PHP is a language that I never found myself comfortable to code in. Neither was I comfortable in JAVA till I picked up Android coding. Thus, a preference to Scala. Also, I learned that fb chat was built on Erlang. And I believe that of many things wrong in fb, one of the few things that is right is their stack and preferences of particular languages/frameworks to get done with their features.

I'm a noob in Scala but I don't find the programming language that difficult. I have gone through quite a few blog posts on Play vs Lift, Web dev in Scala, advantages and disadvantages of Scala and many such things. The only reasoning I am shifting to Scala is I am terribly pissed with the concurrency of Python and how non-scalable it is.(I am a huge fan of twisted and use it for a zillion other things but I just don't think Django/Rails are cut out to deal with concurrent, stable, responsive web app.)

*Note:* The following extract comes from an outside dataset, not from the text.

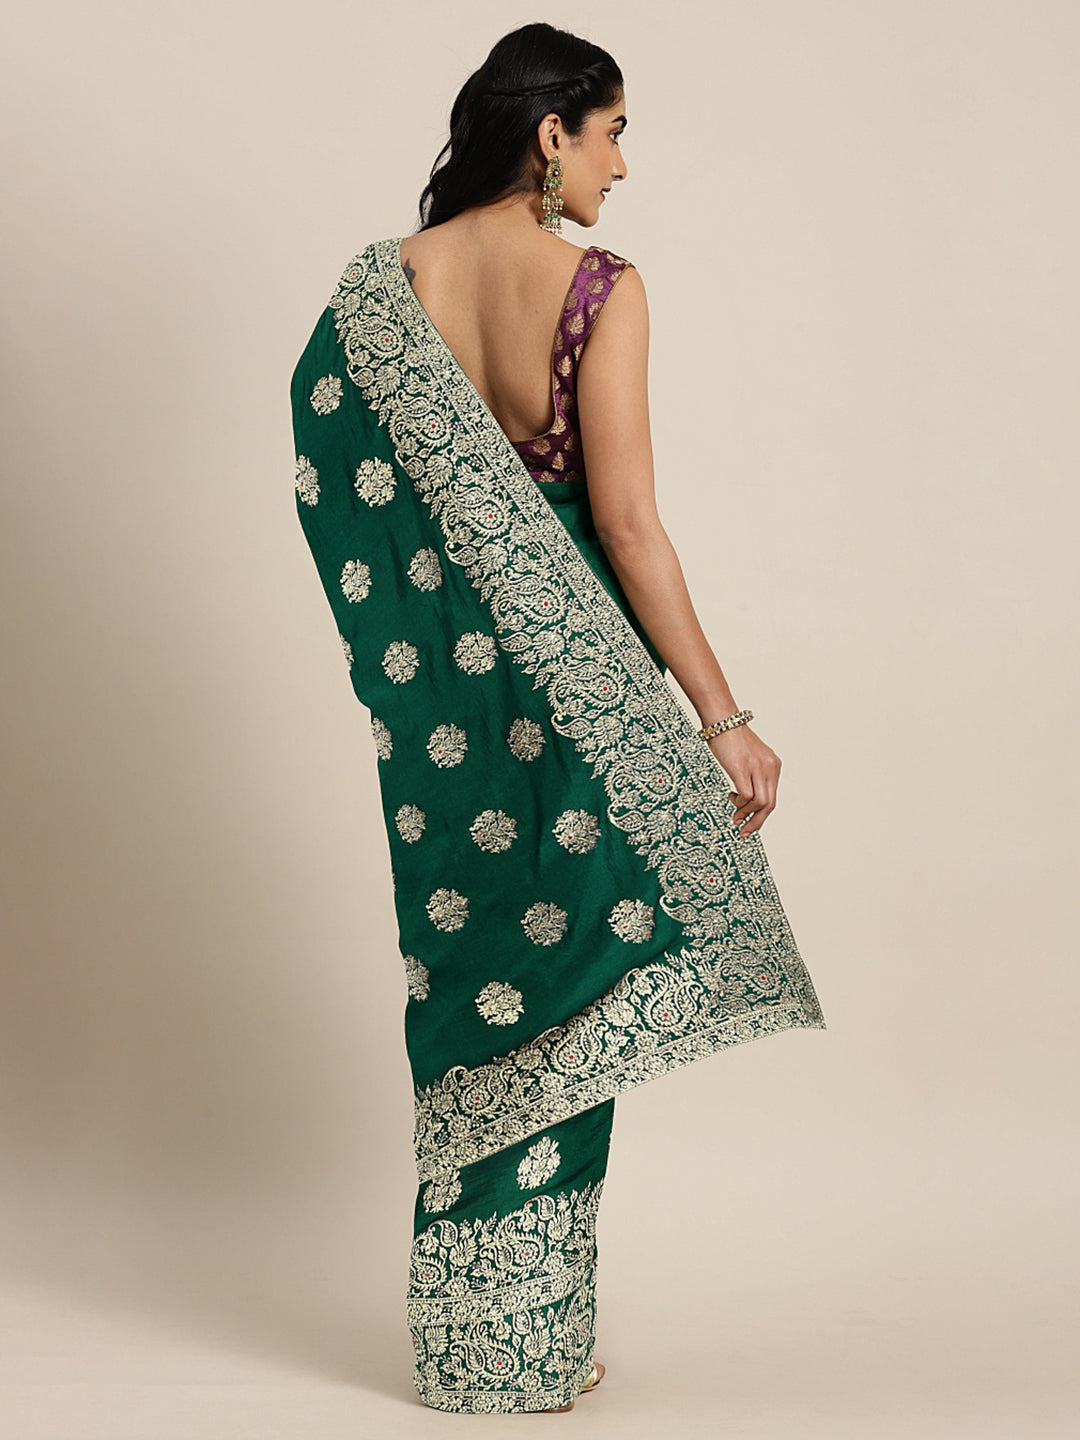 Neeru's Green Textured Saree With Blouse
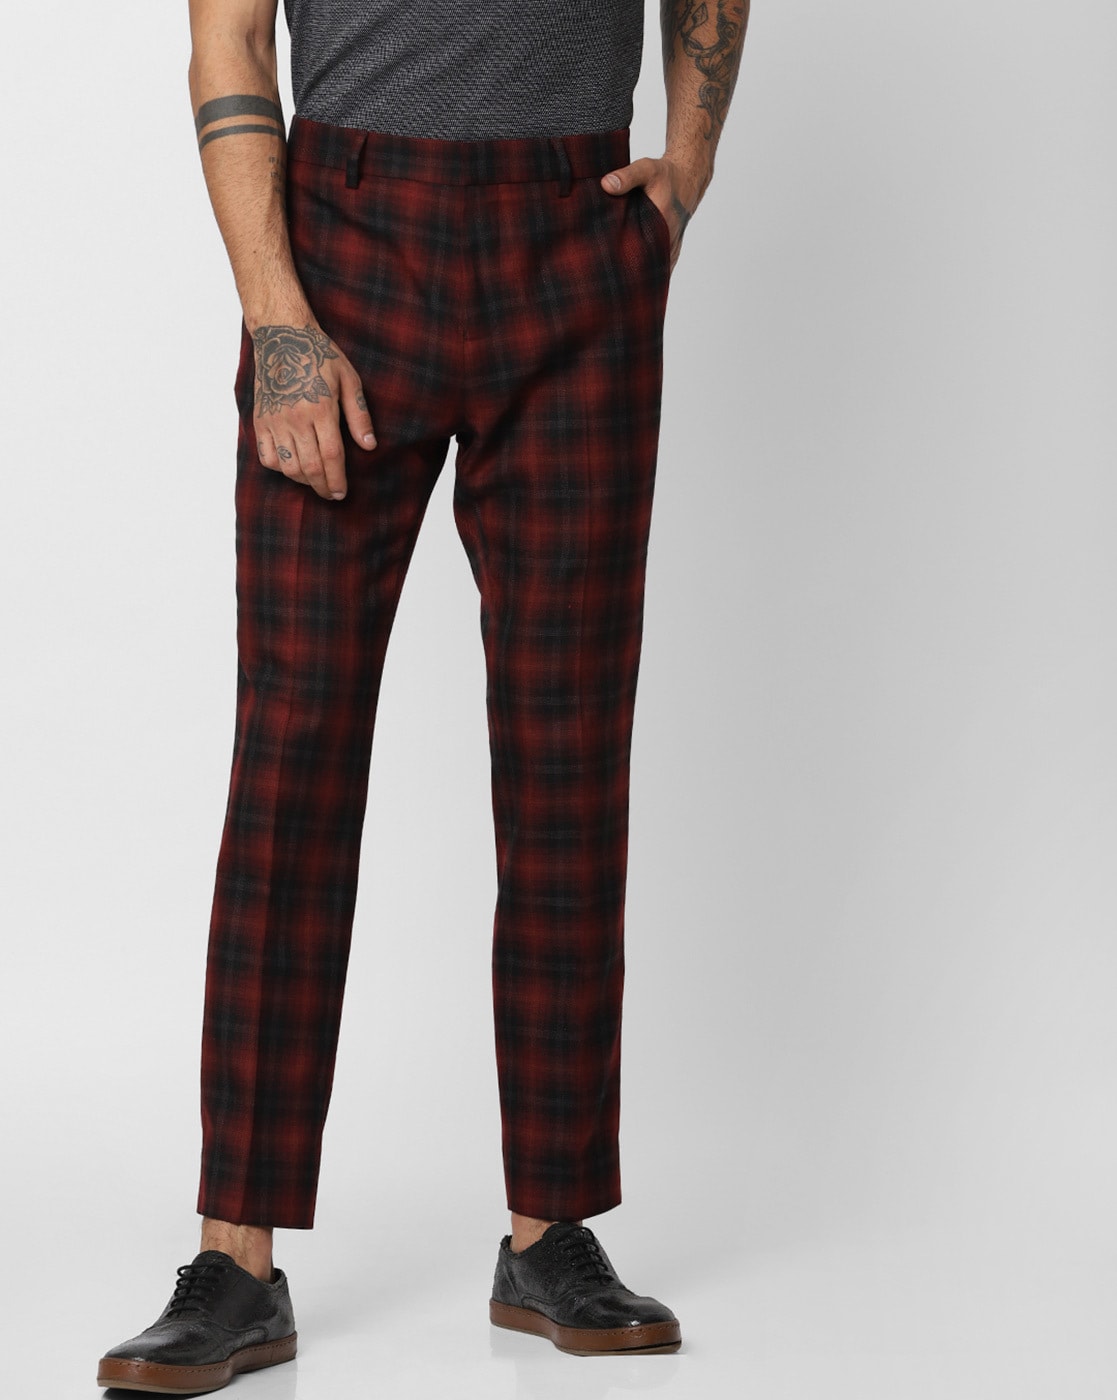 Jack  Jones Casual Trousers  Buy Jack  Jones Navy Blue Mid Rise Check  Trousers 28 OnlineNykaa fashion

My question here is, am I wrong? Is it worth it to jump to Scala, taking everything into consideration? I really hope to get some good answers because I don't want to spend long frustrating hours getting a skeletal version of my web-app done and then realize that it is not scalable. Also, what would be a preferred stack? What does the industry use? (I know a lot of questions but it is a scary thing to jump from Django/Rails to anything else.)

Any help would be appreciated.

like image 453
Hick Avatar asked Jul 06 '12 06:07

Hick


1 Answers

I only started learning play in the last few days and I love it. Has all the benefits of Java (For me this is machine learning related) with all the loveliness of a simple to use MVC framework.

Play has great support for web sockets and has a lovely sample chat application that you can play around with to see if it fits your bill.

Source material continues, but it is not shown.